──────── PROVIDED DATA

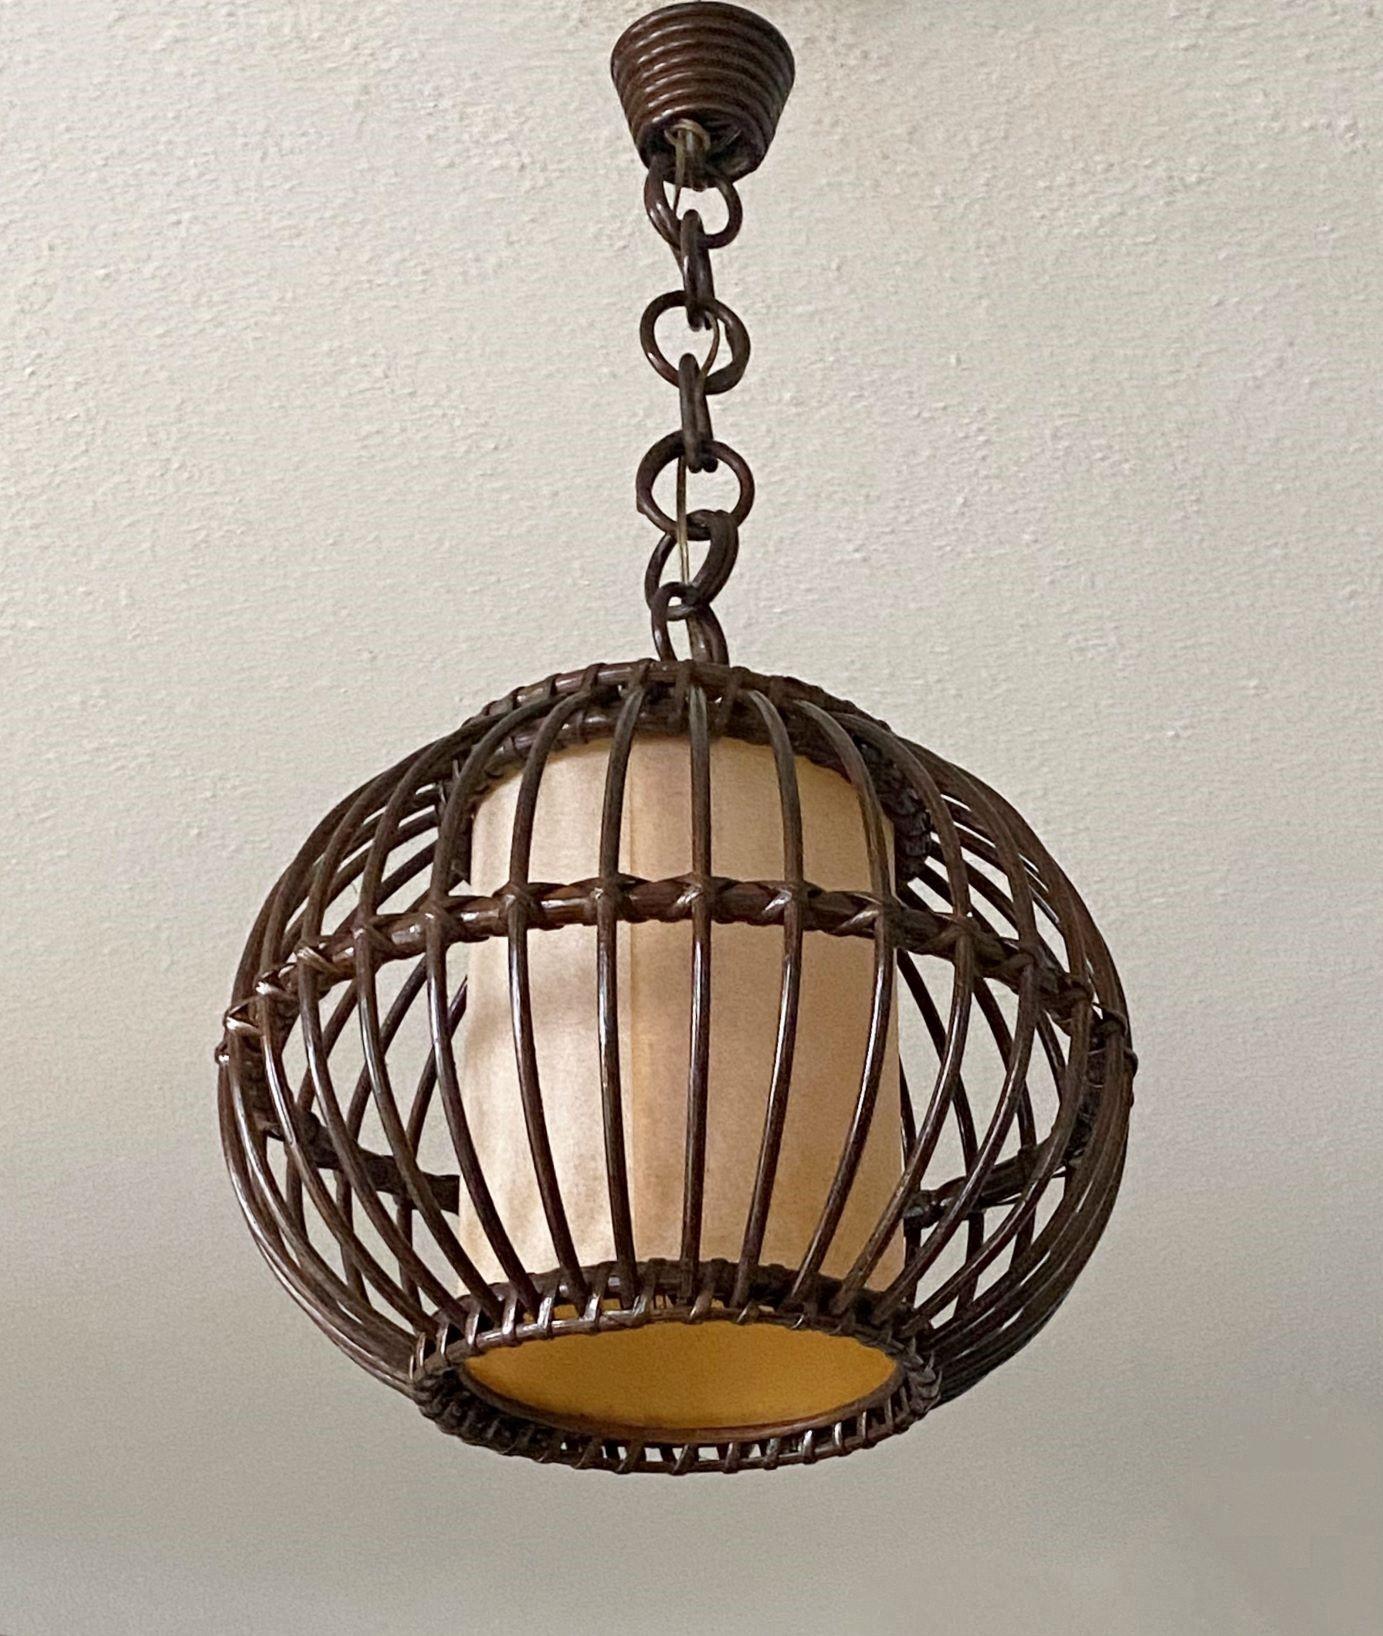 Spanish Handcrafted Rattan Wicker Globe Pendant with Perchament Lamp Shade, Spain, 1950s For Sale
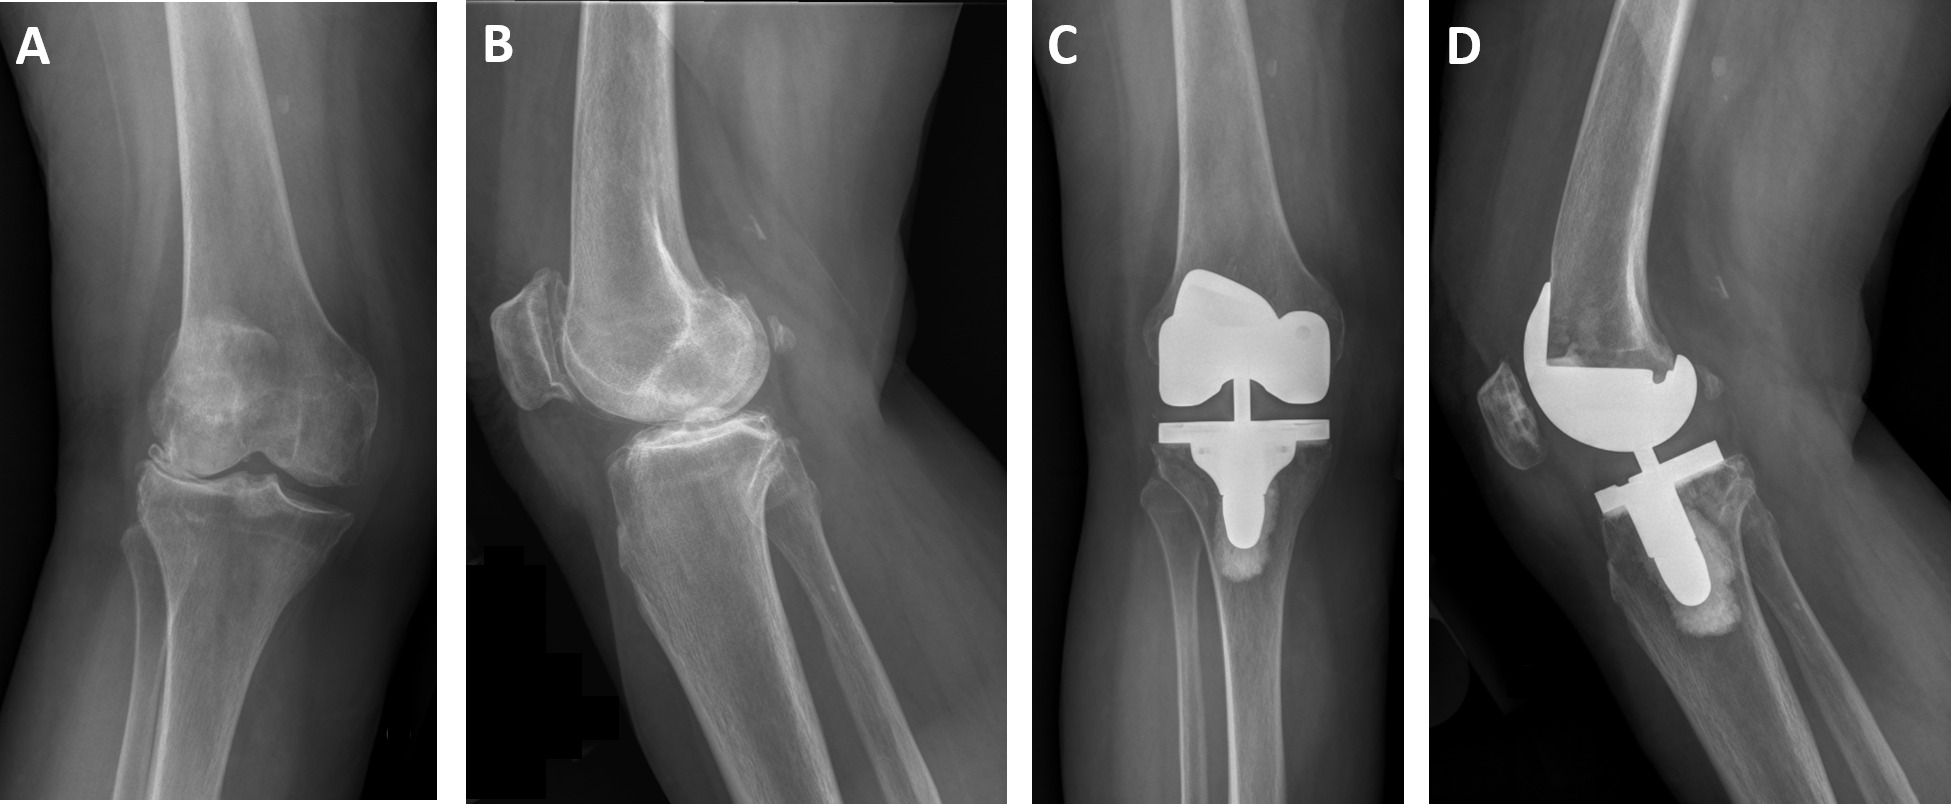 Fig. 1 
          a) Preoperative anteroposterior; and b) lateral radiographs of a patient with a valgus deformity. c) Posteroperative anteroposterior; and d) lateral radiographs depicting correction of the valgus deformity with the posterior-stabilized femoral component and varus-valgus insert.
        
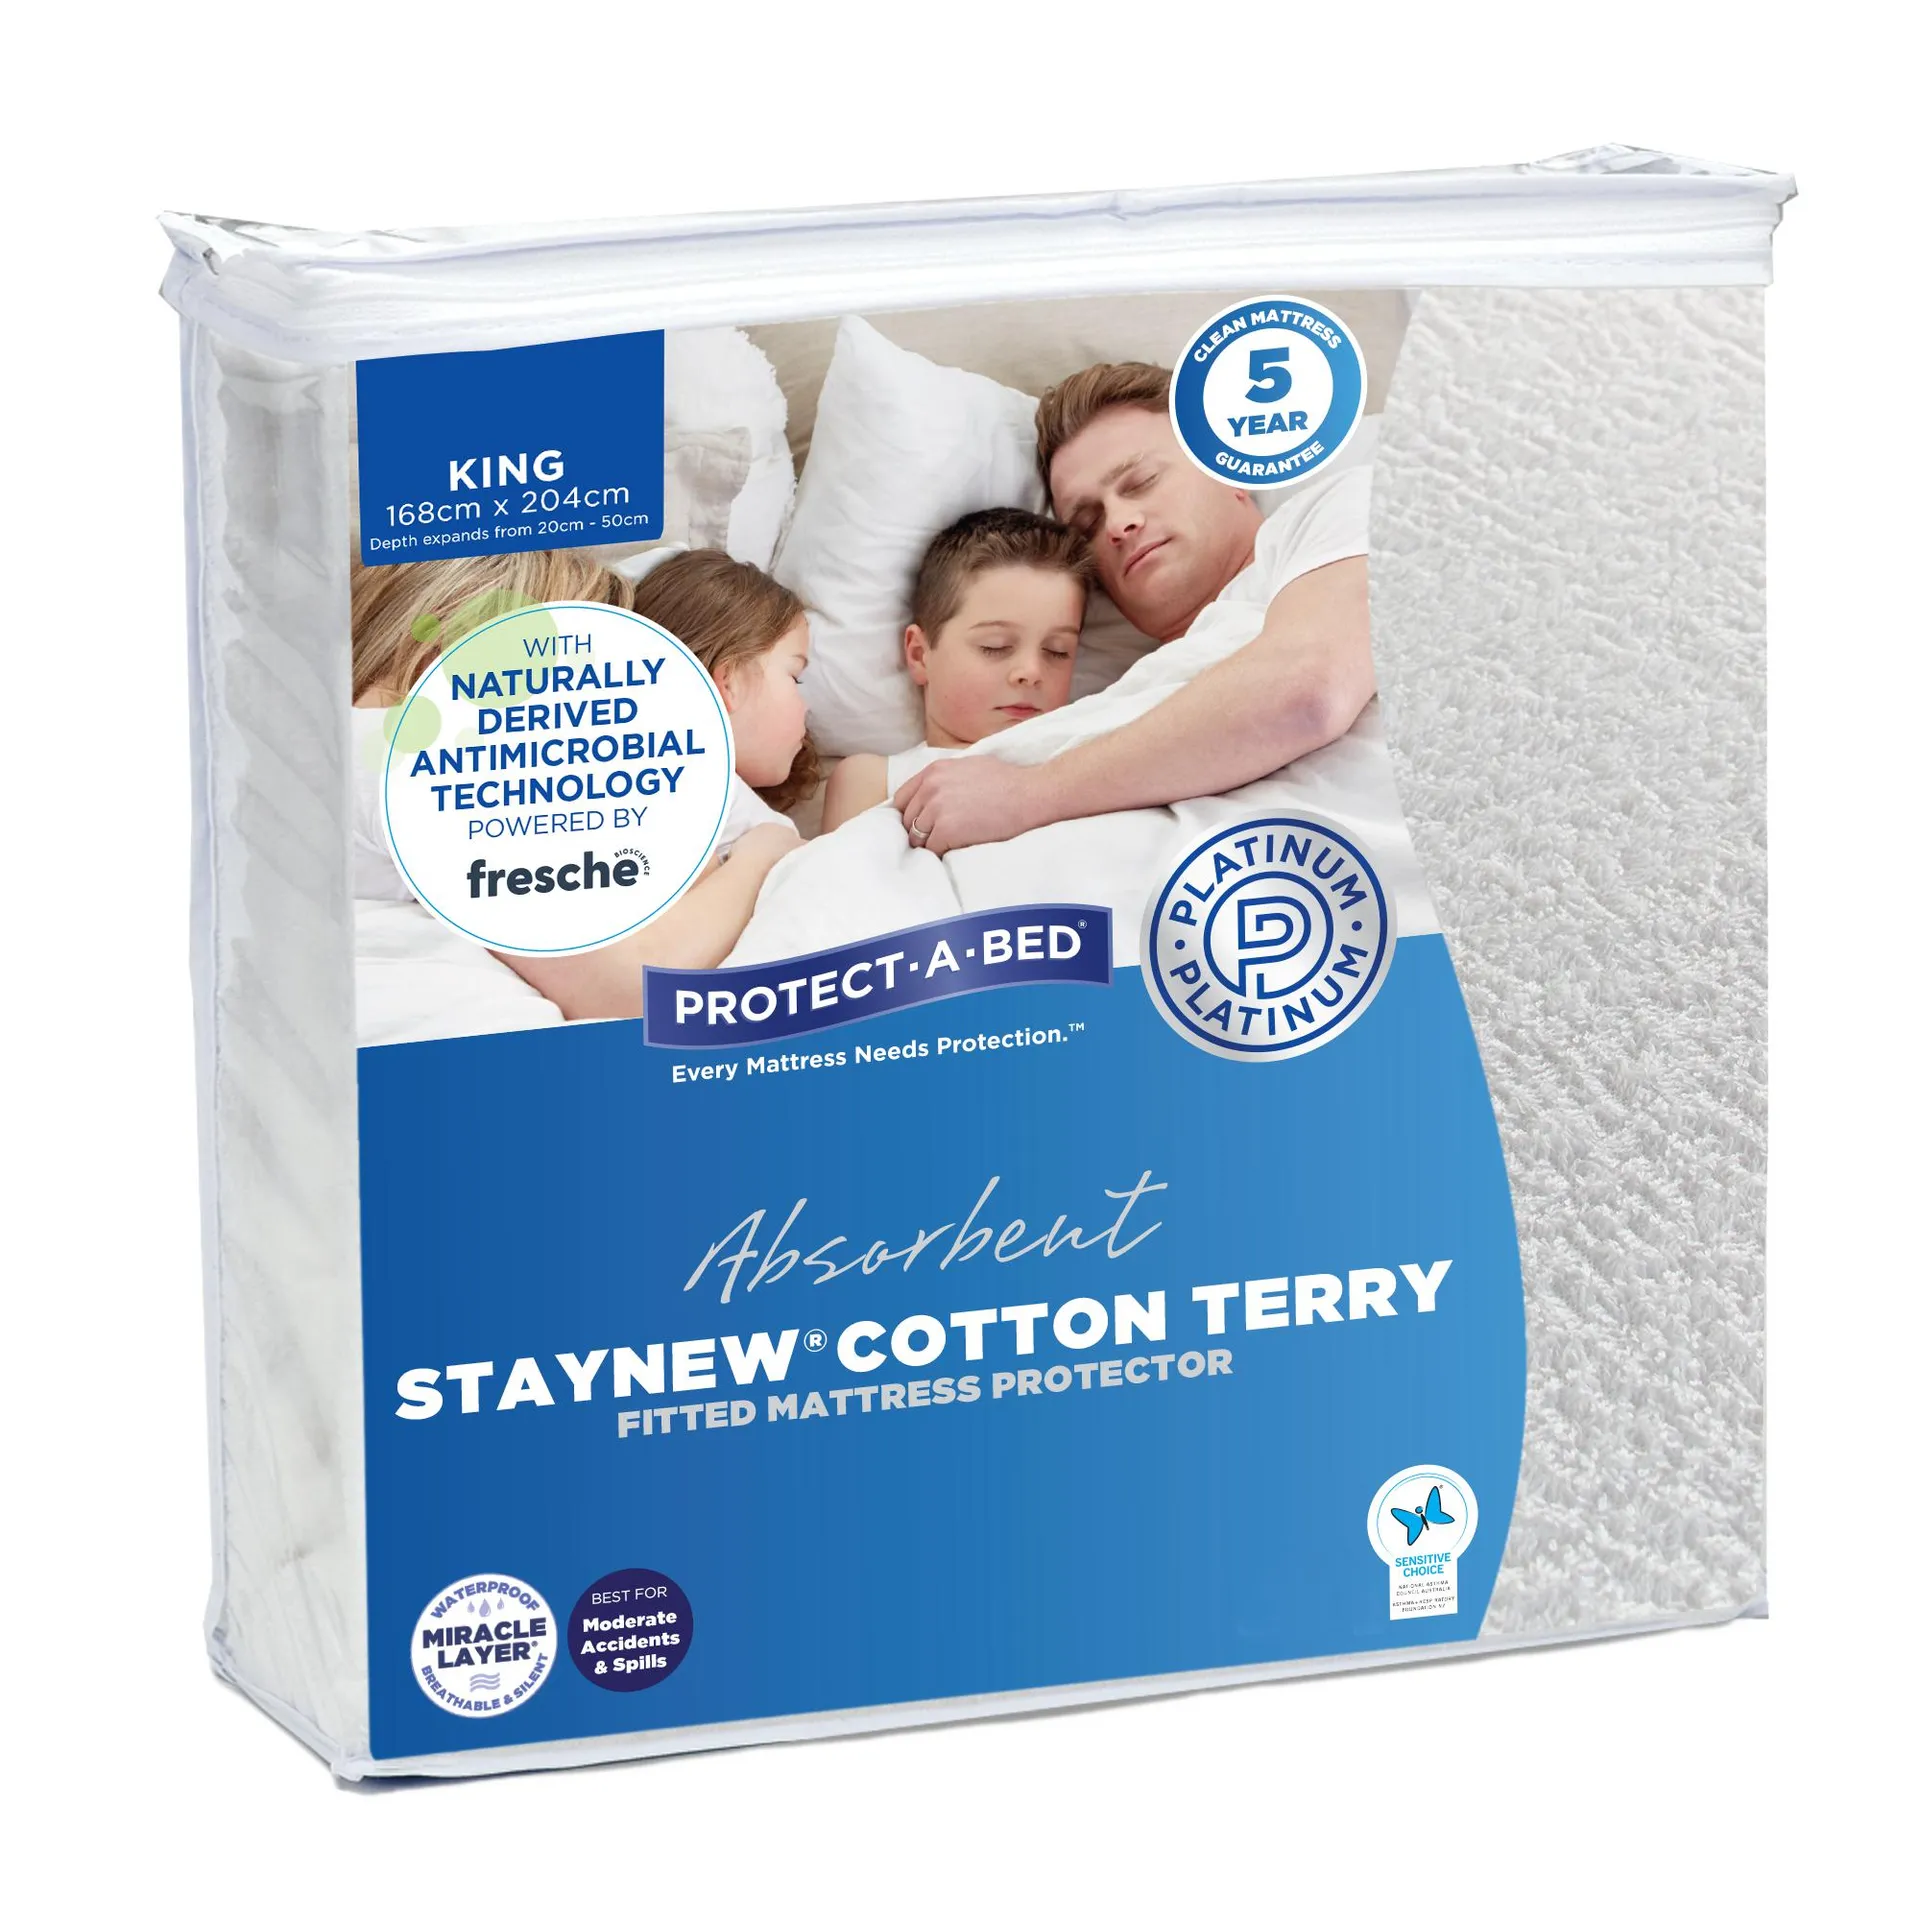 Protect-A-Bed Staynew® Cotton Terry King Mattress Protector

────────────────

- [EXERCISE GOAL]
Set down the complete material exactly, but do not include the images.

- [ANSWER SECTION]
 Spanish Handcrafted Rattan Wicker Globe Pendant with Perchament Lamp Shade, Spain, 1950s For Sale
 Fig. 1 
          a) Preoperative anteroposterior; and b) lateral radiographs of a patient with a valgus deformity. c) Posteroperative anteroposterior; and d) lateral radiographs depicting correction of the valgus deformity with the posterior-stabilized femoral component and varus-valgus insert.
        
 Protect-A-Bed Staynew® Cotton Terry King Mattress Protector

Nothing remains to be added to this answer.